**Work to complete:** Please print exactly the lines from the line containing "garmin integration data" through the end of the data, no more, and keep pictures out of the copy.

**Data section:**
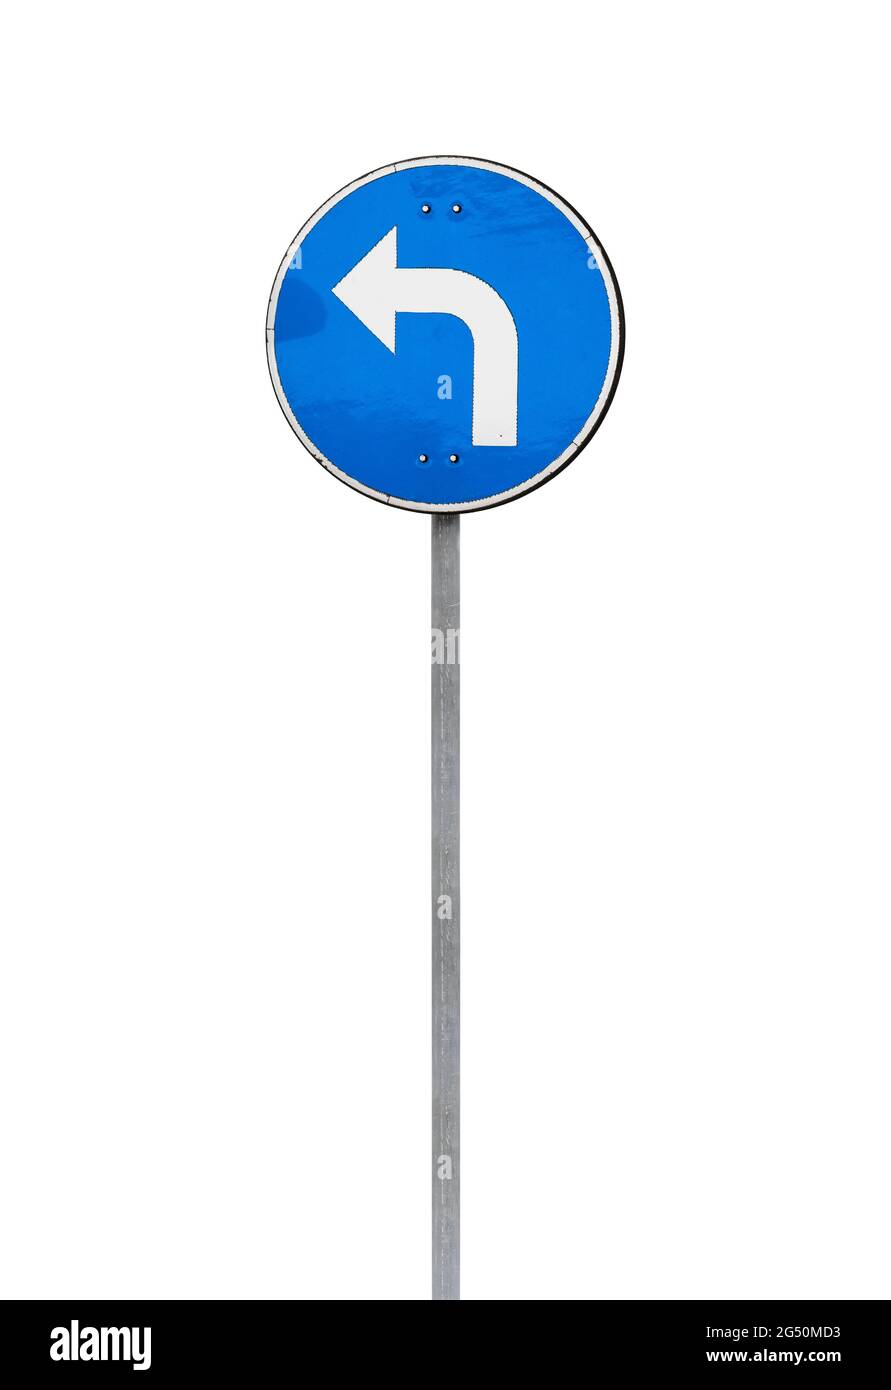 Girare a sinistra, cartello stradale standard europeo su palo verticale in metallo isolato su sfondo bianco Foto Stock
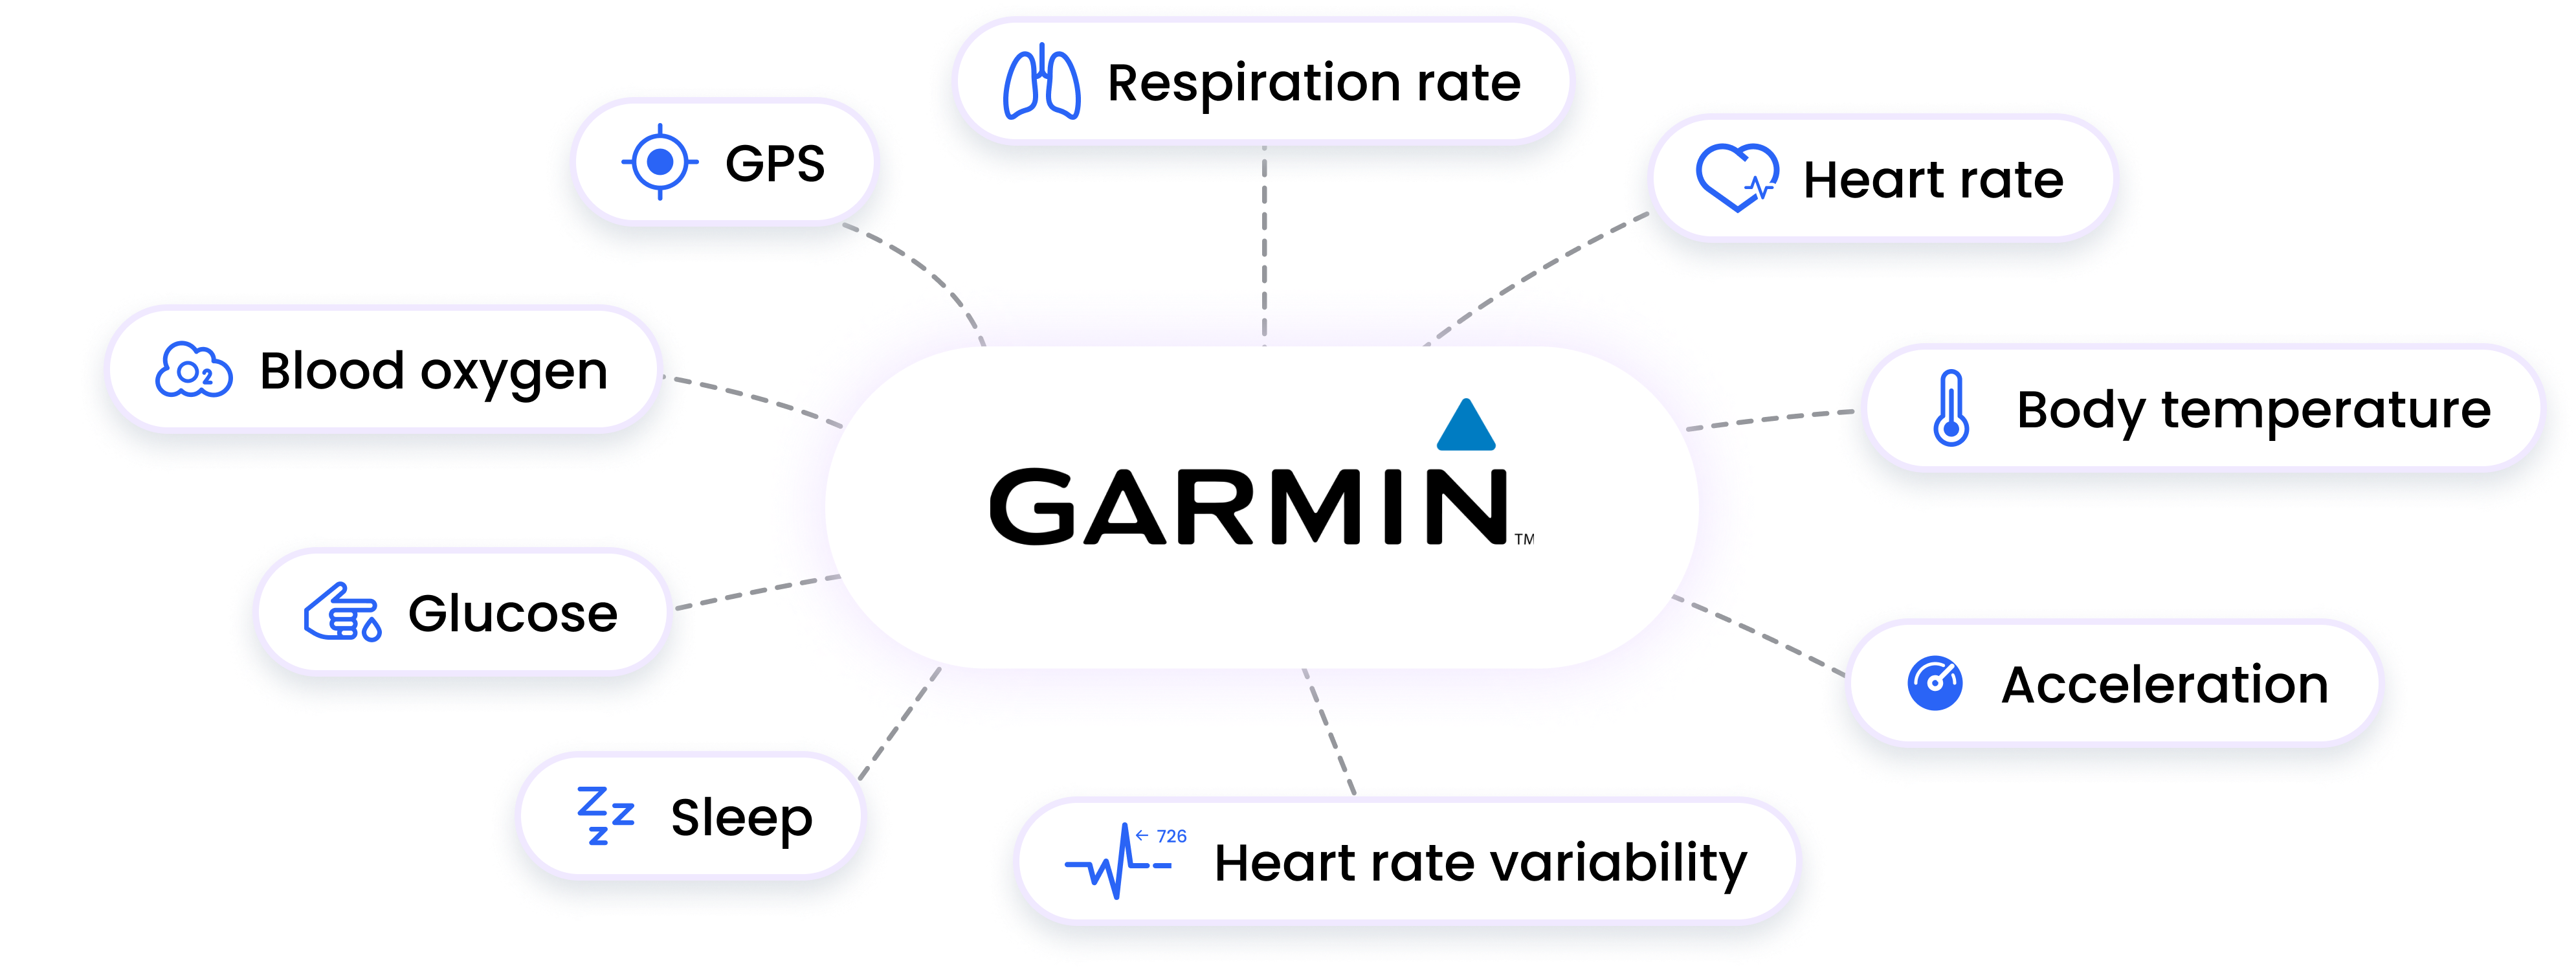 garmin integration data
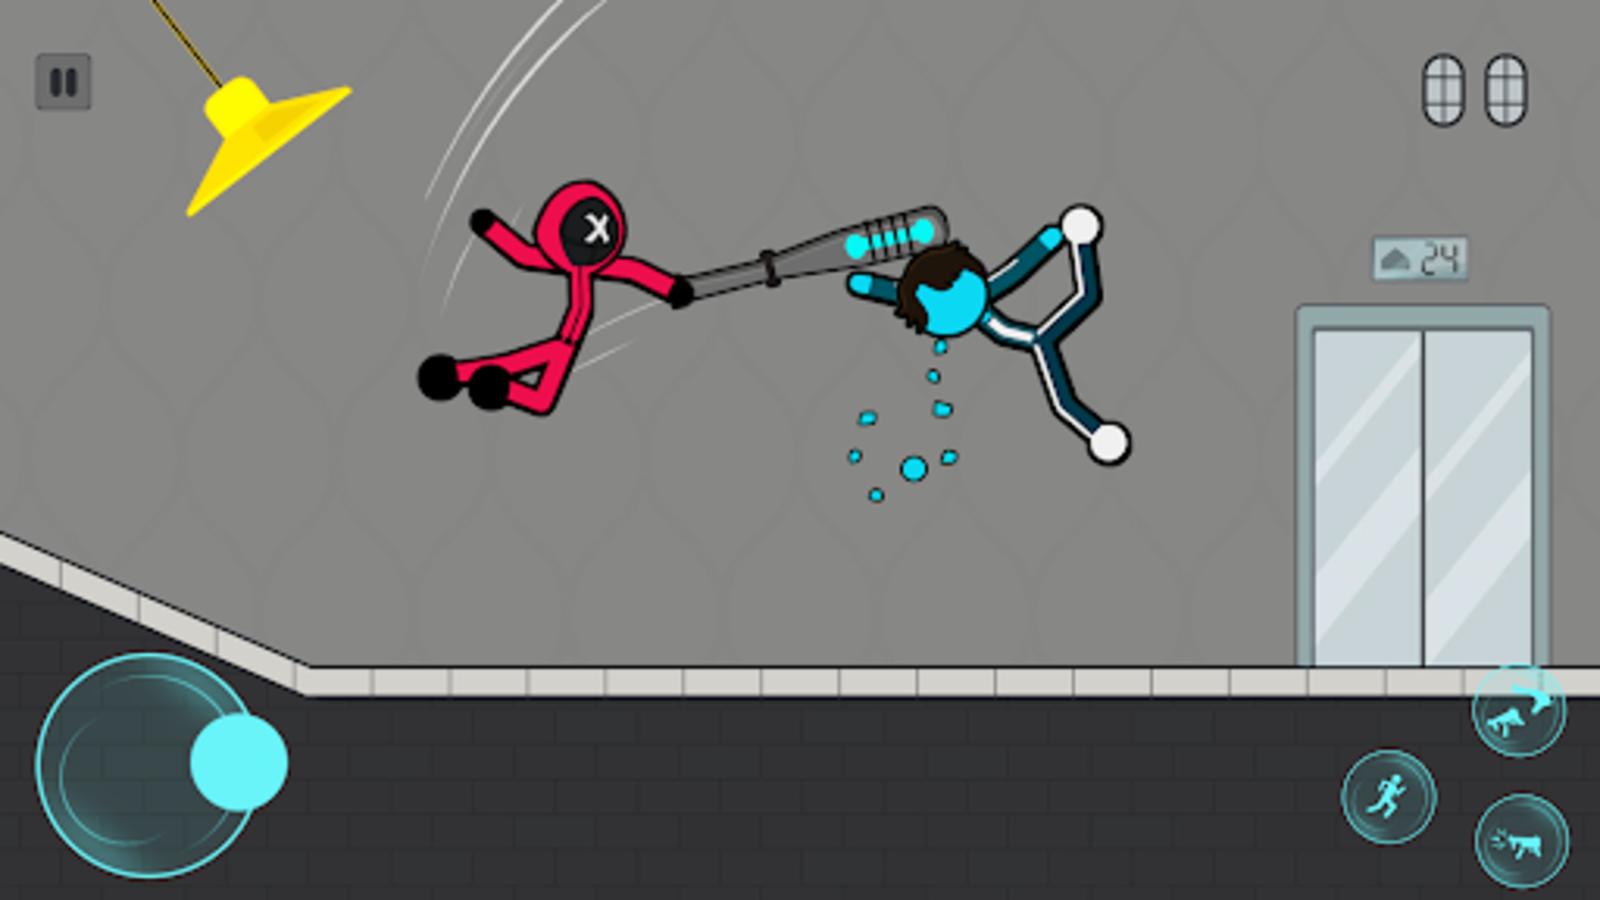 Stickman Fight - jogos para 2 APK (Download Grátis) - Android Jogo

**Response area:**
 garmin integration data
 Stickman Fight - jogos para 2 APK (Download Grátis) - Android Jogo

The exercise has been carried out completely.